# Show us your EDC (EveryDay Carry)



## Greyz (15/3/16)

I thought it would be nice to start a thread where we can all show off our EDC devices. 
These can vary greatly and are not limited to just vape gear. Some people, like my dad, always have a "biltong" knife and his leatherman on him. Me, I dont carry knives, I'm not that type of bruin-o 
But I do carry my vape with me everywhere as well as my trusty Cubis tank. 

I choose theRX200 and Cubis as my EDC tank because it's super economical on juice, 1 tank can last me the entire day and some and at 25W the RX batteries feel like they will last forever. With this combo I can confidently leave for work with half a tank, half a battery and still make it home with juice and power to spare.

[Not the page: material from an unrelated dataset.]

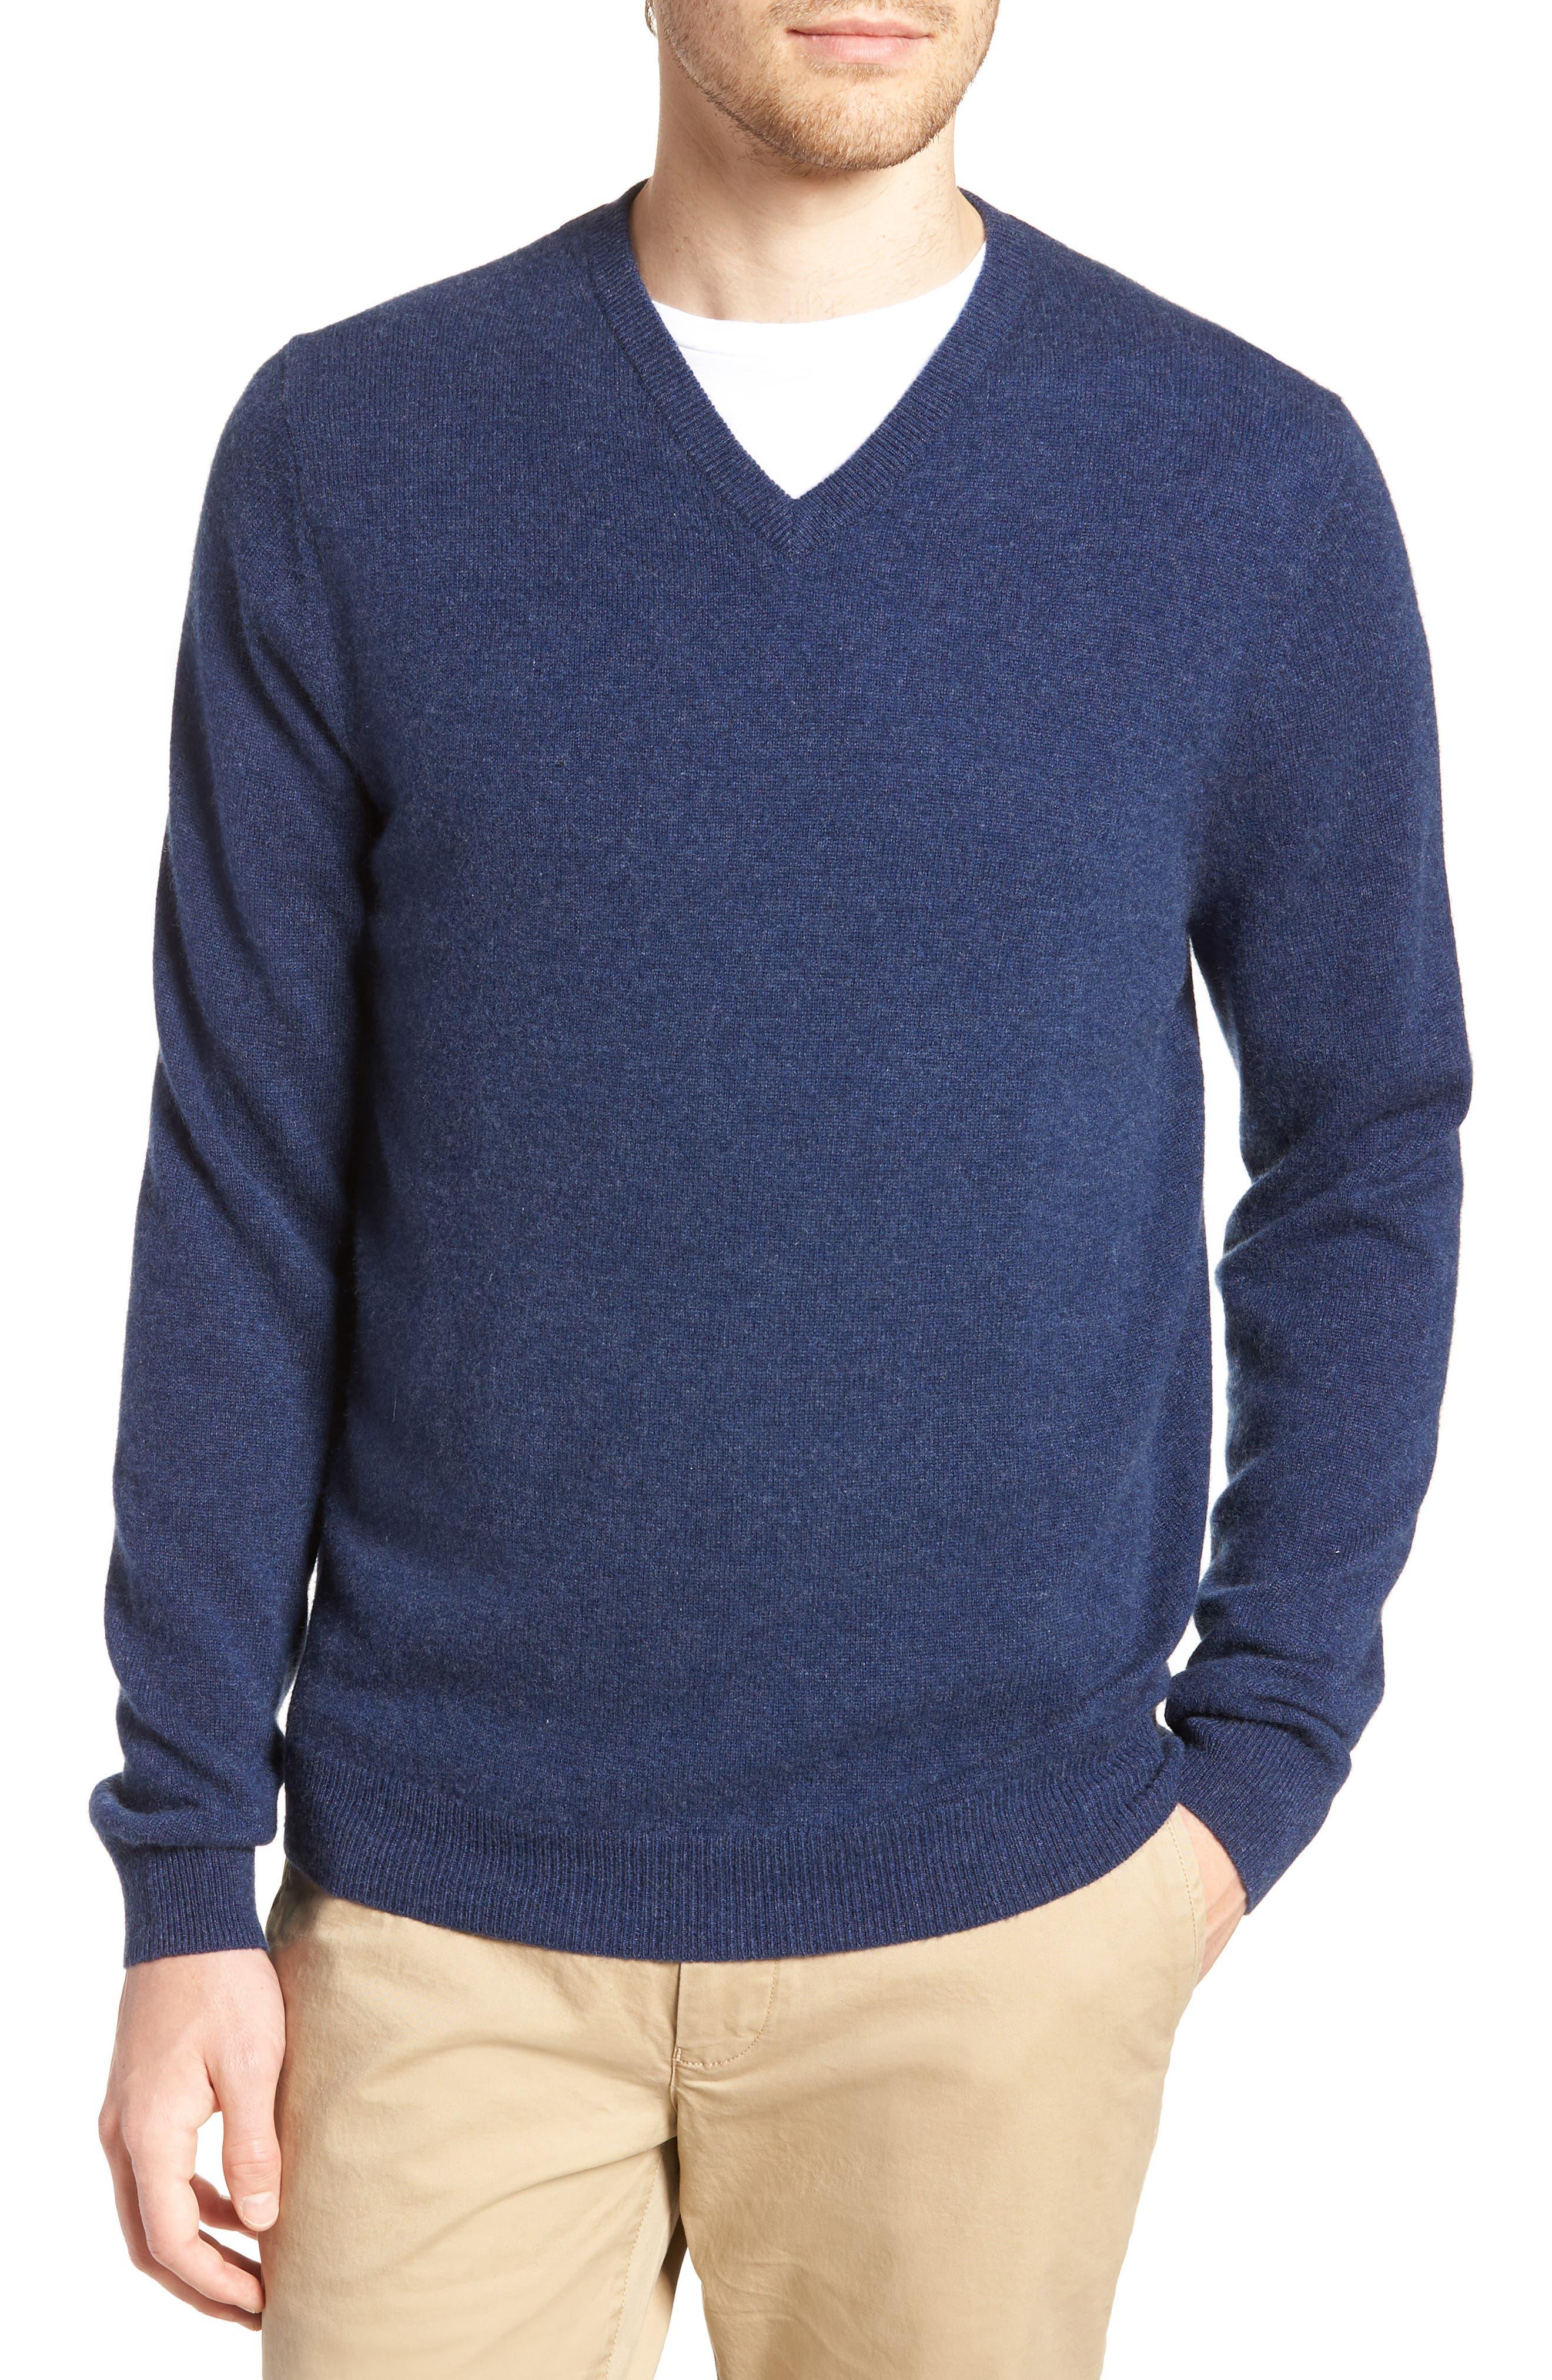 Cashmere V-Neck Sweater,                         Main,                         color, BLUE ESTATE HEATHER

I have a feeling @Rob Fisher is going to come in here, show off his Reo's and this will become "Out and about with your Reo!" part 2

Reactions: Like 2 | Funny 2


----------



## Gazzacpt (15/3/16)

It fits in my pocket, doesn't leak juice if I leave it in a hot car and has never broke, not once while in service.
6ml onboard is enough to get me through 2 days and the battery lasts the duration of a bottle on my current build.

Reactions: Like 4 | Winner 4


----------



## Stosta (15/3/16)

The circled one is my EDC. 0.7 Ohms, 25 Watts, VM XXX... Winner!

Reactions: Like 2


----------



## Greyz (15/3/16)

Gazzacpt said:


> It fits in my pocket, doesn't leak juice if I leave it in a hot car and has never broke, not once while in service.
> 6ml onboard is enough to get me through 2 days and the battery lasts the duration of a bottle on my current build.



In before Rob LOL

Reactions: Like 1 | Funny 1


----------



## Gazzacpt (15/3/16)

Greyz said:


> In before Rob LOL


I got lucky, browsing while I stopped for lunch


----------



## Rob Fisher (15/3/16)

P67 Tropical Ice, Snow Wolf Mini with Target Tank XXX, Back Up REO with Tropical Ice!

Reactions: Like 5 | Winner 1


----------



## BumbleBee (15/3/16)

Yip, I carry this between home and work everyday, I like being prepared

Reactions: Like 6 | Winner 4


----------



## Nailedit77 (15/3/16)

I love this setup, subtank mini nano connector

Reactions: Like 4


----------



## TommyL (15/3/16)

My EDC is the rx200 with a kennedy on top, .12ohm gasPhase dual aliens all day every day

Reactions: Like 2 | Winner 1


----------



## BuzzGlo (15/3/16)

simple Evic Vtc mini and bellus combo, and Subtank as a backup

Sent from my HUAWEI P7-L10 using Tapatalk

Reactions: Like 3


----------



## Petrus (15/3/16)

My favourite, Reo Grand, Ol16, Metador

Reactions: Like 5 | Winner 4


----------



## Mac75 (15/3/16)

Everywhere I go....


Sent from my iPhone using Tapatalk

Reactions: Like 3


----------



## Greyz (15/3/16)

I need to roll with @BumbleBee and @Mac75 - we could coil for years with all that gear!

Reactions: Like 1 | Funny 1


----------



## ChrisFJS (15/3/16)

Take all this with me just about everywhere I go

Reactions: Like 2


----------



## WARMACHINE (15/3/16)

Kbox with Trinty Subtank

VTC Mini with Subtank

Reactions: Like 5


----------



## oldtimerZA (15/3/16)

my cuboid with spare charged batteries. Never really had to swap batteries during the day, but it helps to have them for using at night.

Reactions: Like 2


----------



## gertvanjoe (15/3/16)

Sent from Mars

Reactions: Like 2


----------



## Papa_Lazarou (16/3/16)

I'm a working stiff, so I take two real workhorses with me on the go...




Auric (Goldfinger) on the left gets a DIY chai in the velocity, while Kobe (the mod was sent to me via Japan due to a USPS screw up) rocks a DIY absinthe blend in the pancake. My best mates, these.

I like the velocity because it reminds me of the Canadians on South Park...

Reactions: Like 4 | Winner 1 | Funny 5


----------